Coming at this from a bayesian perspective then, it seems like there should be a framework for reasoning about our uncertainty over geological interpretations. This article is me thinking about that.
The Dirichlet Distribution
The Dirichlet distribution can be used to model the probability of a set of discrete possibilities—depositional environments, in this context. The Dirichlet distribution can be used to generate samples of a “unit simplex” (a vector of numbers that add to 1), which makes it well suited for modelling our uncertainty over interpretations, where we allocate some probability to each.
It also has the convenient property of conjugacy, which essentially means it is very easy to mathematically update as new evidence comes in.
Applied to a Simple Example
Say we are considering three depositional environments when looking at part of an outcrop:
Delta
Turbidite
Lake
The \(\alpha\) parameter of the distribution can be thought of as a list of weights or “pseudocounts”, one for each possibility.
In this case let’s say we assign our weights as:
\[
\alpha = [20, 10, 2]
\]
This equates to us saying that we think the Delta interpretation is most plausible, although the Turbidite interpretation is a possibility, while the Lake interpretation is implausible.
This is the distribution over the probabilities of each of the interpretations. Maybe it seems weird to have a probability distribution over probabilities, but this is actually very common in bayesian statistics. I’ll probably write a post on that at some point, but see the Aleatoric and epistemic section of this wiki page for a primer.
Incorporating Prior Information
Let’s say despite our observations at this outcrop, we have strong indications nearby that we are standing in the middle of a lake deposit. Maybe the outcrop is an anomaly in an otherwise fairly confident interpretation.

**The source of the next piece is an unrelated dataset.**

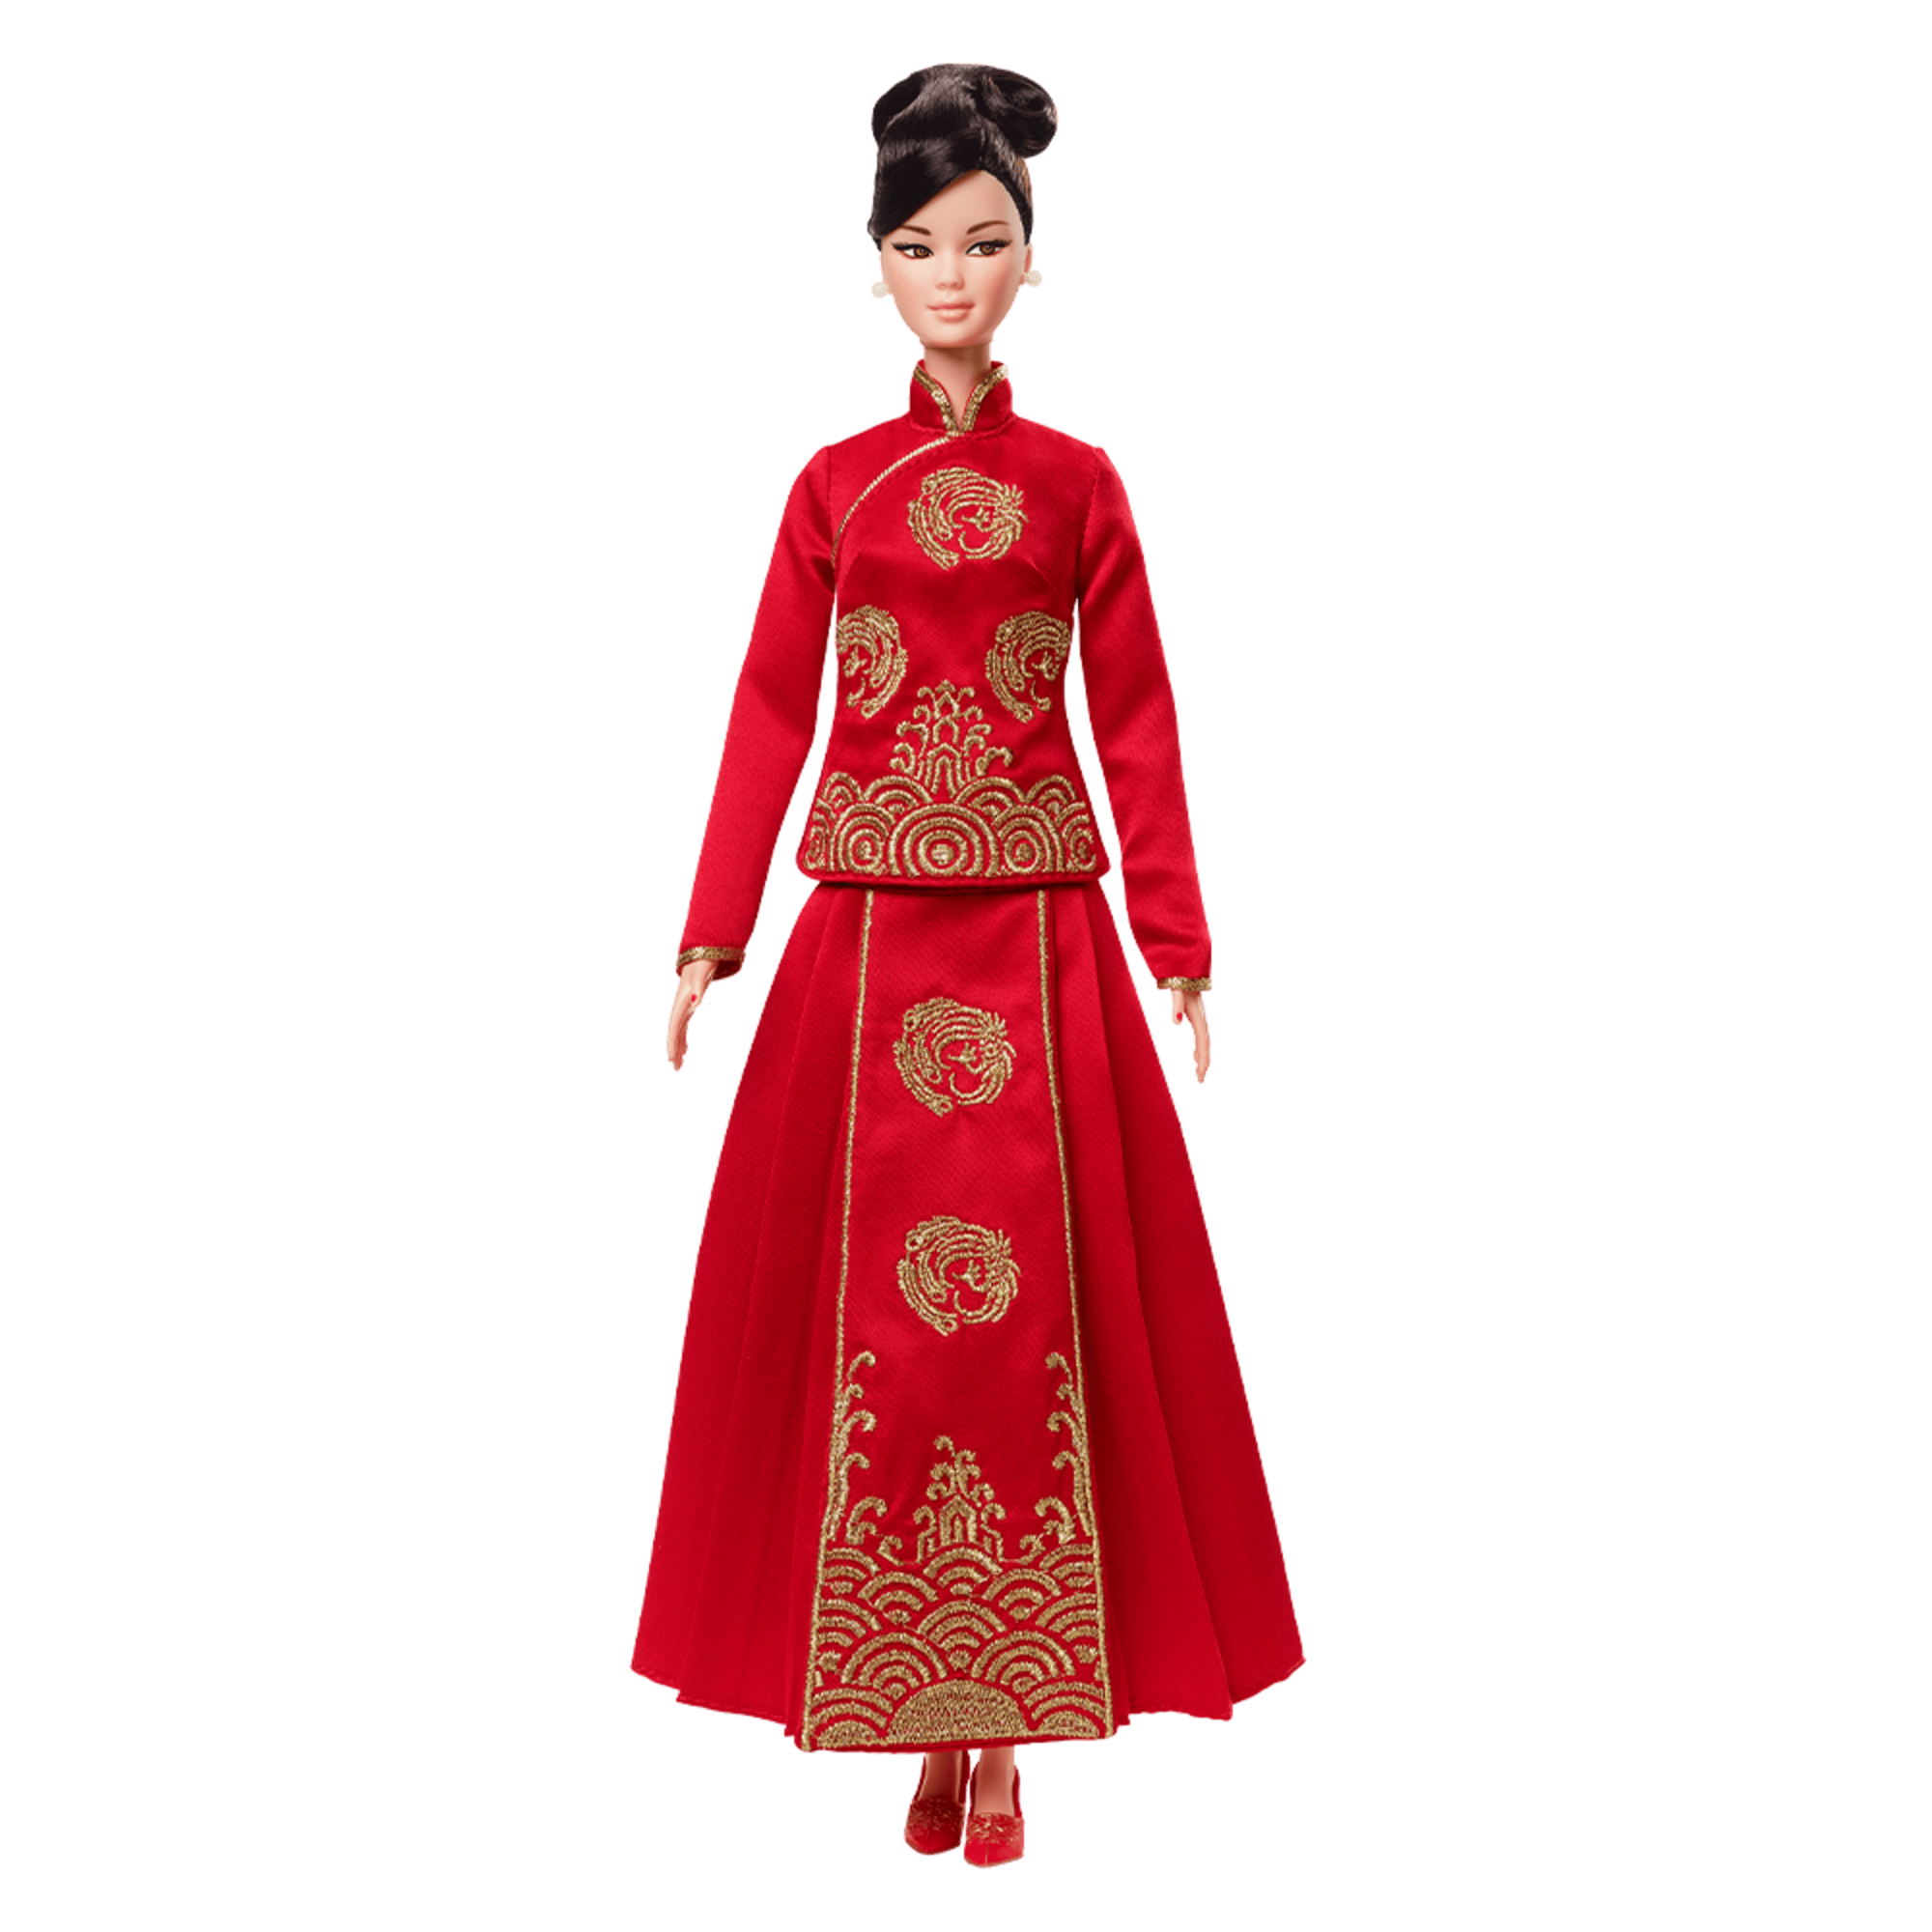 Virus Rusteloos recept Barbie Lunar New Year Doll Designed by Guo Pei – Mattel Creations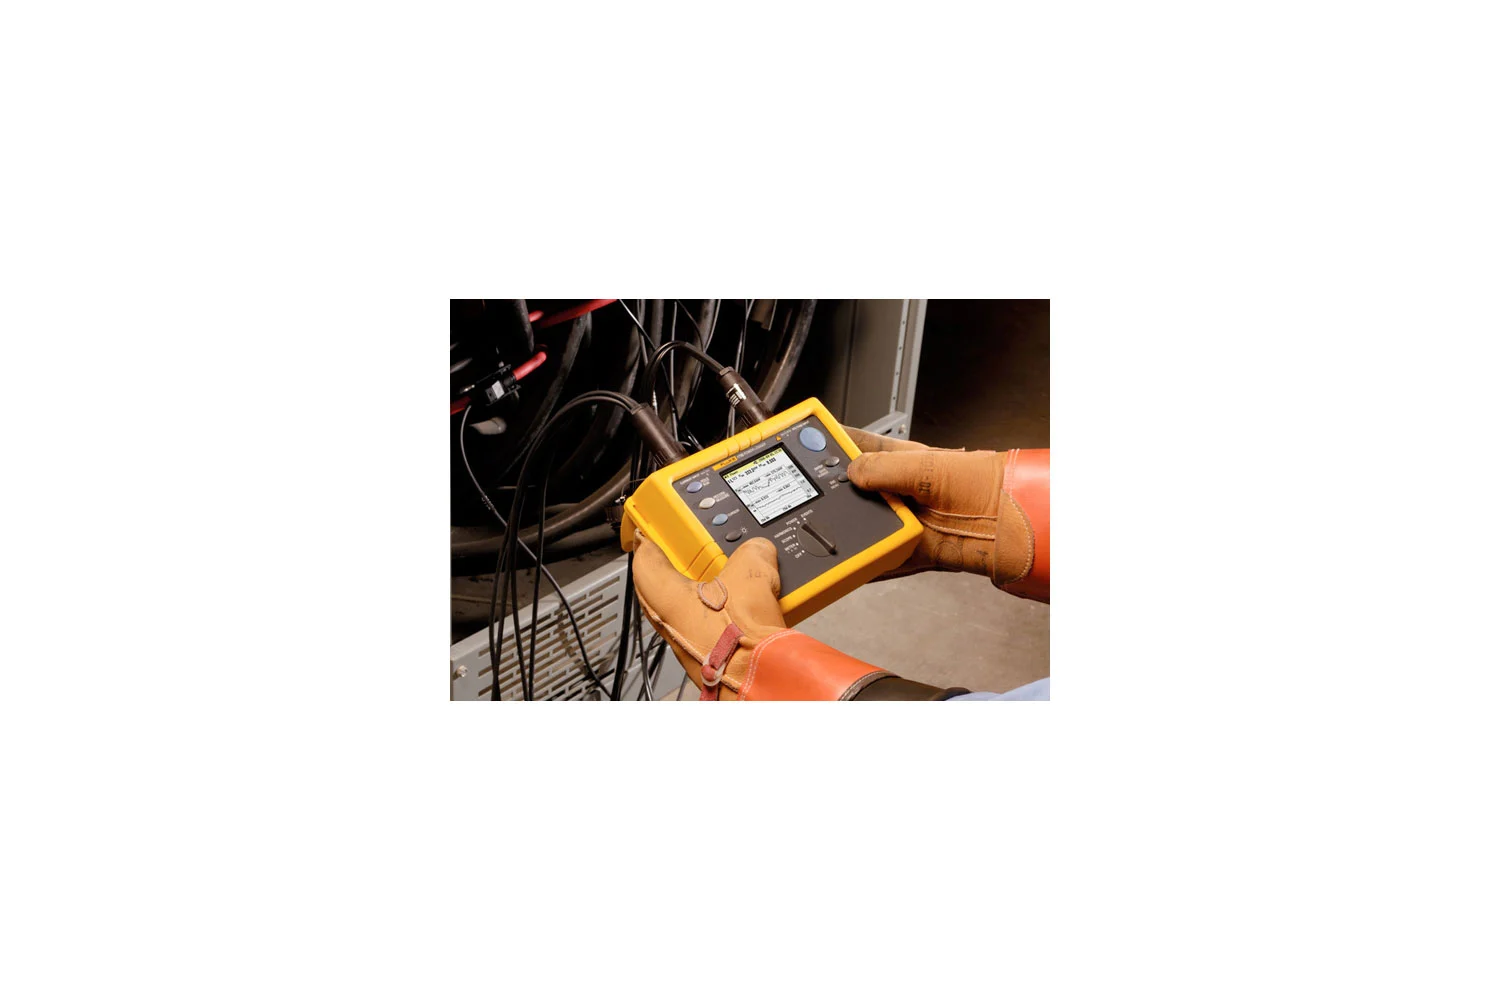 437 Series II 400 Hz Power Quality Monitor and Energy Analyzer

If we encode that prior as \(\alpha_{\text{prior}} = [1, 1, 50]\), it looks like this:
We can incorporate this prior information very easily in our \(\alpha\) parameter by just… adding it! It seems like a dumb trick, but this is an analytical result for updating Dirichlet distributions in what’s called a Dirichlet Multinomial conjugate model. If we are comfortable treating our vector of \(\alpha\) values as “pseudocounts”, then the math checks out here.
Now, the strong prior on the Lake interpretation pushes it ahead, but notice the other interpretations are still on the table as possibilities, given the evidence observed at the outcrop.
In my view this provides a pretty strong baseline. We have 3 important things:
The ability to encode prior beliefs over interpretations,
The ability to “score” interpretations based on their likelihoods under those interpretations, and
The ability to update probabilities objectively.
This all hinges on a point-scoring system that makes logical sense, but it seems like a good start.
Point Scoring
The way I’m conceptualizing the points involved in this process is that each field observation has an associated \(\alpha\) score which indicates the support it provides to each interpretation in the vector.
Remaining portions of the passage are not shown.